И только показания учительницы Саши и Алика Волконской не вписались в эту схему. Юсов пригласил ее участвовать в Сашином допросе в качестве представителя школы. В суде прокурор просила Волконскую подтвердить, что Саша во время этого допроса признавался добровольно, что Юсов не оказывал на него давления. После того как Волконская все это подтвердила, Волошина спросила ее:

– Ну, может быть, вы хотите добавить что-нибудь к своим показаниям?

– Когда допрос был закончен, – ответила Волконская, – Саша спросил Юсова: «Ну а теперь вы меня отпустите?» Этот вопрос показался мне совершенно абсурдным. Но еще больше меня удивил ответ Юсова: «Что ты, Саша. Как я могу отпустить тебя сейчас. Ты ведь знаешь, что здесь полно Марининых родственников».

Так неожиданно Сашино объяснение о том, что он признал себя виновным потому, что Юсов обещал ему за это отпустить его, получило важное подтверждение.

Из всего того, что происходило в последующие дни, расскажу лишь о допросах Бродской, Марченковой и понятых.

Берта Карповна вошла в зал судебного заседания уверенно и спокойно. Так же уверенно и спокойно отвечала на вопросы суда.

– Да, мне известно, что они (она ни разу не назвала мальчиков ни по имени, ни по фамилии, хотя знала их со дня рождения) убили Марину. Марина была исключительная девочка. Из таких потом вырастают герои. А они терзали ее, как фашисты. Они не только лишили мать любимой дочери. Они лишили весь советский народ прекрасного человека, которым по праву можно было бы гордиться. И от имени всех я требую от нашего суда, суда, избранного народом: никакой пощады этим убийцам. Им не место на нашей земле!

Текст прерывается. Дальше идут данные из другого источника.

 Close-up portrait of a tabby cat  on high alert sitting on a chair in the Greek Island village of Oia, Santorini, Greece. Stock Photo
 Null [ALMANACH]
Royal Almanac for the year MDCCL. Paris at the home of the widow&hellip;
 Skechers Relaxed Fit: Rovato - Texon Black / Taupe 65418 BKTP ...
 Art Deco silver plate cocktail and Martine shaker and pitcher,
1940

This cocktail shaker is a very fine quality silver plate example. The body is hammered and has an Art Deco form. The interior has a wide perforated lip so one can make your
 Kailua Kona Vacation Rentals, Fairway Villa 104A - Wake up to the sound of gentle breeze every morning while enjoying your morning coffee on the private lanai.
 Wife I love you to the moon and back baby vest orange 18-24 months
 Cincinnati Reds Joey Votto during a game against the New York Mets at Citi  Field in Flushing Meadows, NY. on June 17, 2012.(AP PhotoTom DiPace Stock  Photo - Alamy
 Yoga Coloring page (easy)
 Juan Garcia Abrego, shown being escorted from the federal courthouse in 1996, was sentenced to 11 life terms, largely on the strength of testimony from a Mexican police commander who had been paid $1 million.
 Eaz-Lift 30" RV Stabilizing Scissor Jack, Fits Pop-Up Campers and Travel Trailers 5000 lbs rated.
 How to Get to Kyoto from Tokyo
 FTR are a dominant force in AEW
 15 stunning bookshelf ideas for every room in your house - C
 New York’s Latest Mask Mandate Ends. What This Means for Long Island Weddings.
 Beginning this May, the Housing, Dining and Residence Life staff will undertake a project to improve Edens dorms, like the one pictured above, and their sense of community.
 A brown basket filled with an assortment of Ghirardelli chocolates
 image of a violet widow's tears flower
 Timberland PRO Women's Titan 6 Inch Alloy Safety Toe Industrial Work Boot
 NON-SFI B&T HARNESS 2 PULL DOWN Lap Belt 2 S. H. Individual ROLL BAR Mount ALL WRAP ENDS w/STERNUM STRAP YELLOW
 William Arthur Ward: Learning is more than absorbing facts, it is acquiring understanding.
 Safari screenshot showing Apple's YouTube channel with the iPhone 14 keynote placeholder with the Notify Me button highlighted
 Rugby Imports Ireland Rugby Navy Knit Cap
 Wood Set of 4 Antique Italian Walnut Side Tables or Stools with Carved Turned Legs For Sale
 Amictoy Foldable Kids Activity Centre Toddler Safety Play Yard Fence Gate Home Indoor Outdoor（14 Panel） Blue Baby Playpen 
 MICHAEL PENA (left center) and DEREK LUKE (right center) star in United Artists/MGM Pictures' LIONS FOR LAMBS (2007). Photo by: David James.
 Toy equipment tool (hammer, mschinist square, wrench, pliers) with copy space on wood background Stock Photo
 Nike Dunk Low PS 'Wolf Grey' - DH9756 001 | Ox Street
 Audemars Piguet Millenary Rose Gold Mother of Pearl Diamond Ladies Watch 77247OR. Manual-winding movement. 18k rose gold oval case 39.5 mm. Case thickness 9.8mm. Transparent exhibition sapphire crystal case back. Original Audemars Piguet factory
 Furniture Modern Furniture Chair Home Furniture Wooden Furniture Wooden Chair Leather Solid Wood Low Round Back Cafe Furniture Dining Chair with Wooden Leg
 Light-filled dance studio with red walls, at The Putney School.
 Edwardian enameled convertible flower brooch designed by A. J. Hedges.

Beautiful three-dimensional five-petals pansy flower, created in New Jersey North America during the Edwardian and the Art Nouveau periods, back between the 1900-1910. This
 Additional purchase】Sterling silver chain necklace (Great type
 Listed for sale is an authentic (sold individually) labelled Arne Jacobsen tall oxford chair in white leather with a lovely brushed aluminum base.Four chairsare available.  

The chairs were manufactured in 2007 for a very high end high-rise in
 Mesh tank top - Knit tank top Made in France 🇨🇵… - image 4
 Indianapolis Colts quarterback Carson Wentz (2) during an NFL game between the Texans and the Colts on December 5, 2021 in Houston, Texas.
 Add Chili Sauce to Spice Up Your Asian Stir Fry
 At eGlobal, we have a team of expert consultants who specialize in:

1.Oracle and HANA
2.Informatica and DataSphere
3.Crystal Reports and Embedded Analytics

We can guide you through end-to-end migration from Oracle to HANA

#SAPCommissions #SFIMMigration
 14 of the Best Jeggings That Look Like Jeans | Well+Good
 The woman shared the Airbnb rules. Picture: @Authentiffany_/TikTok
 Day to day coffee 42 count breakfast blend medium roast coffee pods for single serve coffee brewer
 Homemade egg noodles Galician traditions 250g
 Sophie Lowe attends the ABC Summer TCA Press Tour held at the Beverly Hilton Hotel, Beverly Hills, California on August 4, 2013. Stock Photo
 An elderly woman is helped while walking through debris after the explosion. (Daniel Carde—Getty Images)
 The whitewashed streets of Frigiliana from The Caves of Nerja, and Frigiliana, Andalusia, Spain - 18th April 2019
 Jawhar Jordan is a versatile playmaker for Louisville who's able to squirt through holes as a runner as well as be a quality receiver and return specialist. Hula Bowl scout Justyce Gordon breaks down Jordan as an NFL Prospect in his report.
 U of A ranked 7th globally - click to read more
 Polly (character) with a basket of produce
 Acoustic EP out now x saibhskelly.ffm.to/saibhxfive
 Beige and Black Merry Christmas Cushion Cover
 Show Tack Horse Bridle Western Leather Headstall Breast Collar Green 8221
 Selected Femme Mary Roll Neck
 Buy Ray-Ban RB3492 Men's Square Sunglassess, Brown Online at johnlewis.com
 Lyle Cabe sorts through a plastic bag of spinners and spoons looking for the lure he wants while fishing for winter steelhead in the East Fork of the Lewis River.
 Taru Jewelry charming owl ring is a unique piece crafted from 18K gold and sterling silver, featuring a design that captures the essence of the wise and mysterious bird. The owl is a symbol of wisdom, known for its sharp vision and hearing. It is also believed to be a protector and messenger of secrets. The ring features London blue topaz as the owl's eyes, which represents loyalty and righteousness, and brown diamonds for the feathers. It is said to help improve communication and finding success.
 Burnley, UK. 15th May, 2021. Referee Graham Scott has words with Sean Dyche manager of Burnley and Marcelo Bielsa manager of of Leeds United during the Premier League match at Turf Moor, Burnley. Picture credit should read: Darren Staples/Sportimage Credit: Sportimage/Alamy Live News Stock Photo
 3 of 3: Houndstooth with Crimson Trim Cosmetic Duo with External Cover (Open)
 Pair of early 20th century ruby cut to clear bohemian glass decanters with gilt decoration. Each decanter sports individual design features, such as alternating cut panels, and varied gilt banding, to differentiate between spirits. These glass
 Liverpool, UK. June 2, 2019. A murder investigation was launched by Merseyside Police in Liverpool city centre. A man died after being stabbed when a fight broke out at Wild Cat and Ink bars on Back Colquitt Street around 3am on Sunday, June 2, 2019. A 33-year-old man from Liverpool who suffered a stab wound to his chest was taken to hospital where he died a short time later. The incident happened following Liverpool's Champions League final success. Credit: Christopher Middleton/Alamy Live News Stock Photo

Аплодисменты. Не положенные в судебном зале аплодисменты. Это общественный обвинитель и Костоправкина. Но никаких вопросов. Ни суд, ни прокурор никаких вопросов Бродской не задают.

Сейчас наша очередь. На вопрос суда мы – Лев и я – отвечаем, что вопросы к свидетелю имеем.

– Я пришла сюда, чтобы выступить перед судом. Я свою обязанность выполнила. Больше мне здесь не с кем разговаривать, – уверенно и спокойно говорит Берта Карповна. Какое победоносное выражение у нее на лице!

– Товарищ председатель, вы предупредили свидетеля об обязанности говорить суду только правду. Но вы, видимо, забыли предупредить ее о второй обязанности – отвечать на вопросы. Я прошу объяснить это свидетельнице Бродской, предупредить ее, что отказ грозит ей уголовной ответственностью.

– Свидетельница Бродская, суд вас предупреждает, что вы не вправе отказываться отвечать на вопросы участников процесса, в том числе и адвокатов. Если их вопросы будут несущественны, суд их снимет. А сейчас слушайте вопросы и отвечайте.

И пошли вопросы. И после каждого Бродская спрашивает у судьи, обязана ли она отвечать. И Кириллов неизменно бросает:

– Отвечайте.

Ни один из наших вопросов суд не может снять.

– Видели ли вы сами, свидетель, что делали 17 июня от 10 часов вечера до 11 часов вечера Буров и Кабанов?

– Видели ли вы, свидетель, 17 июня Марину, Алика и Сашу на главной улице?

– Были ли вы 17 июня вечером в доме Акатовых?

– Видели ли вы приход Бурова и Кабанова во двор к Акатовым?

– Можете ли вы описать, в чем были одеты в этот вечер Буров и Кабанов?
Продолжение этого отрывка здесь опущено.